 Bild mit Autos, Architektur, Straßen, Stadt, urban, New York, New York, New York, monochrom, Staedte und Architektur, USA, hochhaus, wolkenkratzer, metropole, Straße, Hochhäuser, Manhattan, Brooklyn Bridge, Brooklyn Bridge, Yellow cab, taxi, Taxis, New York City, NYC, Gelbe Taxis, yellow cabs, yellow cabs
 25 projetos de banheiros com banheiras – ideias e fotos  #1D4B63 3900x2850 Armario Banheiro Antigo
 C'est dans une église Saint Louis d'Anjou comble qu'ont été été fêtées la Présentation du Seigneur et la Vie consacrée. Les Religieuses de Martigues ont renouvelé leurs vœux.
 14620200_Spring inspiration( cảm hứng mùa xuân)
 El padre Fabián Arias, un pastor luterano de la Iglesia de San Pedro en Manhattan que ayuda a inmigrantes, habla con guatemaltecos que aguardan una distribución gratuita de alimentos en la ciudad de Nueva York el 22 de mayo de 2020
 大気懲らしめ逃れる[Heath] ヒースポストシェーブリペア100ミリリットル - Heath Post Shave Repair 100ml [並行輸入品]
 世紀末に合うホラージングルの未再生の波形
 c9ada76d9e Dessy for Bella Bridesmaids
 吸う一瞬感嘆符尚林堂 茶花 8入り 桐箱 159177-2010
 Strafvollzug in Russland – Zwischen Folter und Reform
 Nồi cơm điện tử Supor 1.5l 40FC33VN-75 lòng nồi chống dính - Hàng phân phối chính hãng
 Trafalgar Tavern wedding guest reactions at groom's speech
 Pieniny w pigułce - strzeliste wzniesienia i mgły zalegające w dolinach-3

### ASSIGNED TASK
Give back exactly the lines from the one containing "世紀末に合うホラージングルの未再生の波形" through the end of the material above, and nothing else.

### WRITTEN ANSWER
 世紀末に合うホラージングルの未再生の波形
 c9ada76d9e Dessy for Bella Bridesmaids
 吸う一瞬感嘆符尚林堂 茶花 8入り 桐箱 159177-2010
 Strafvollzug in Russland – Zwischen Folter und Reform
 Nồi cơm điện tử Supor 1.5l 40FC33VN-75 lòng nồi chống dính - Hàng phân phối chính hãng
 Trafalgar Tavern wedding guest reactions at groom's speech
 Pieniny w pigułce - strzeliste wzniesienia i mgły zalegające w dolinach-3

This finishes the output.